This attempts to fix #70, I'm assuming we meant base_root instead of $base_url, but an easy change if not.

Did not attempt to fix #69.1 though.

kylebrowning’s picture

StatusFileSize
new9.47 KB
new3.38 KB

Lost a parenthesis, whoops.

wim leers’s picture

Status: Needs work » Needs review
StatusFileSize
new10.31 KB
new937 bytes
  1. +++ b/core/lib/Drupal/Component/Utility/Html.php
    @@ -422,20 +421,20 @@ public static function escape($text) {
    +   * @param string $base_root
    +   *   The base url.
    

    Inconsistent.

  2. +++ b/core/lib/Drupal/Core/EventSubscriber/RssResponseRelativeUrlFilter.php
    @@ -31,7 +30,8 @@ public function onResponse(FilterResponseEvent $event) {
    +    global $base_root;
    

    From injected data to a global. This is very bad.

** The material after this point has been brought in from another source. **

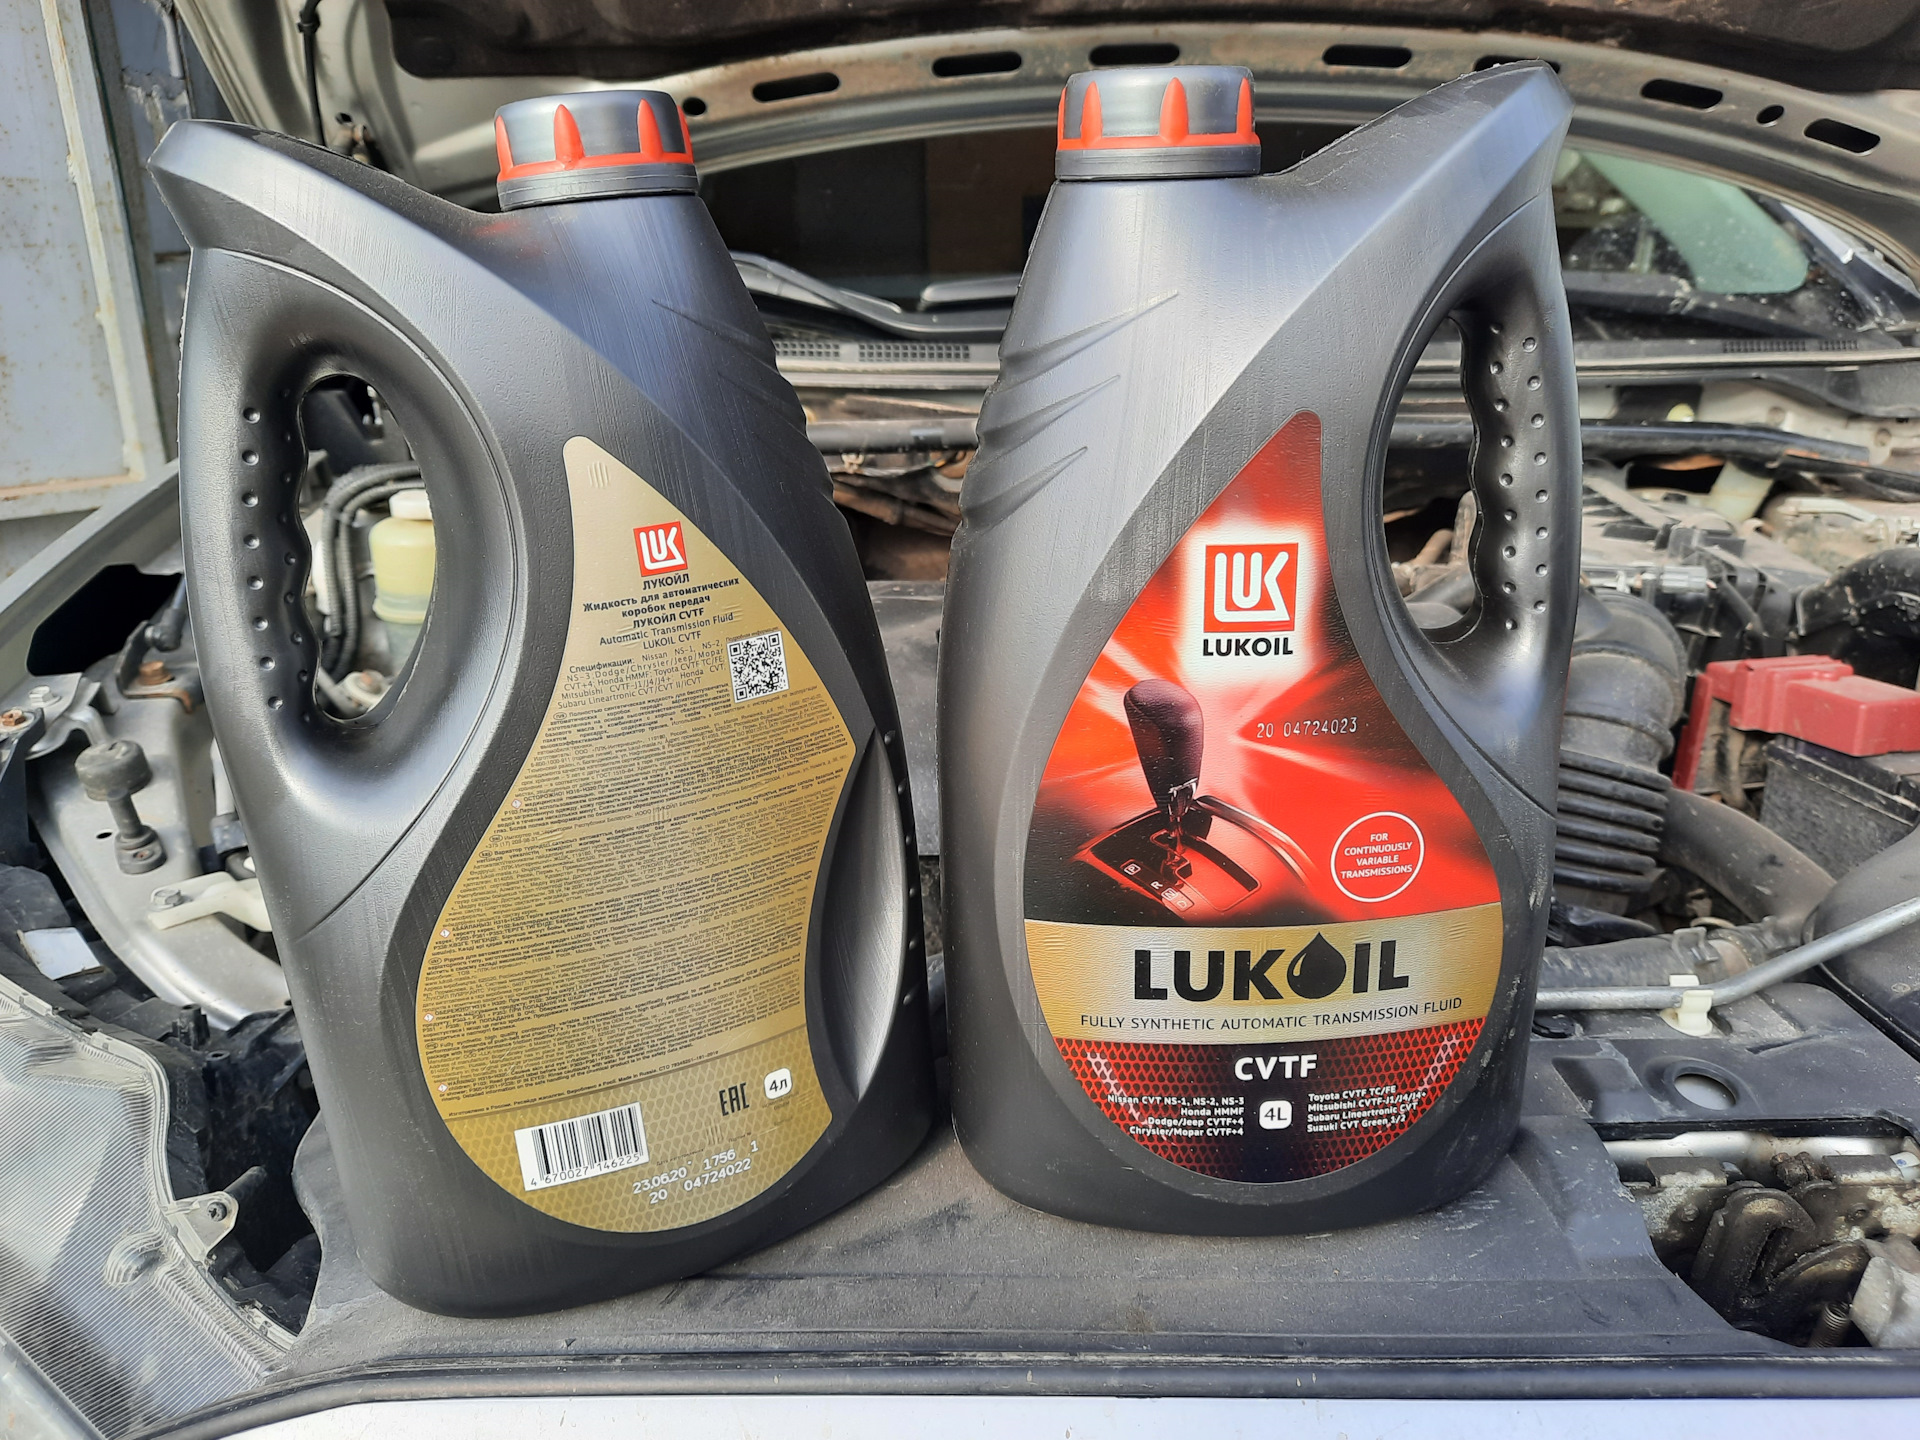 Авт лукойл. Lukoil 3146925 масло трансмиссионное. Трансмиссионное масло Лукойл НС 1. Трансмиссионное масло Лукойл CVTF 4л (3146925). Лукойл CVTF (4л).

  3. +++ b/core/lib/Drupal/Core/EventSubscriber/RssResponseRelativeUrlFilter.php
    @@ -41,13 +41,13 @@ public function onResponse(FilterResponseEvent $event) {
    +   * @param string $base_root
    +   *   The base root URL.
    

    Inconsistently inconsistent…


So, first, let's make the patch green. Then let's address the concerns raised (which I totally agree with). Interdiff relative to #65.

wim leers’s picture

StatusFileSize
new10.78 KB
new3.14 KB

#68-#72: nice, I move one small subset into a component at Berdir's request and I get loads and loads of feedback.

#68: Indeed, fixed.

#69:

  1. Why would we want to match against tag names too? That'd make this needlessly complex. These attributes exist on multiple tags. They always have the same meaning. Therefore this is sufficient, and simpler.
  2. The reason the current patch only does root-relative URLs is because that is what is necessary for #1494670: References to CSS, JS, and similar files should be root-relative URLs: avoids mixed content warnings & fewer bytes to send.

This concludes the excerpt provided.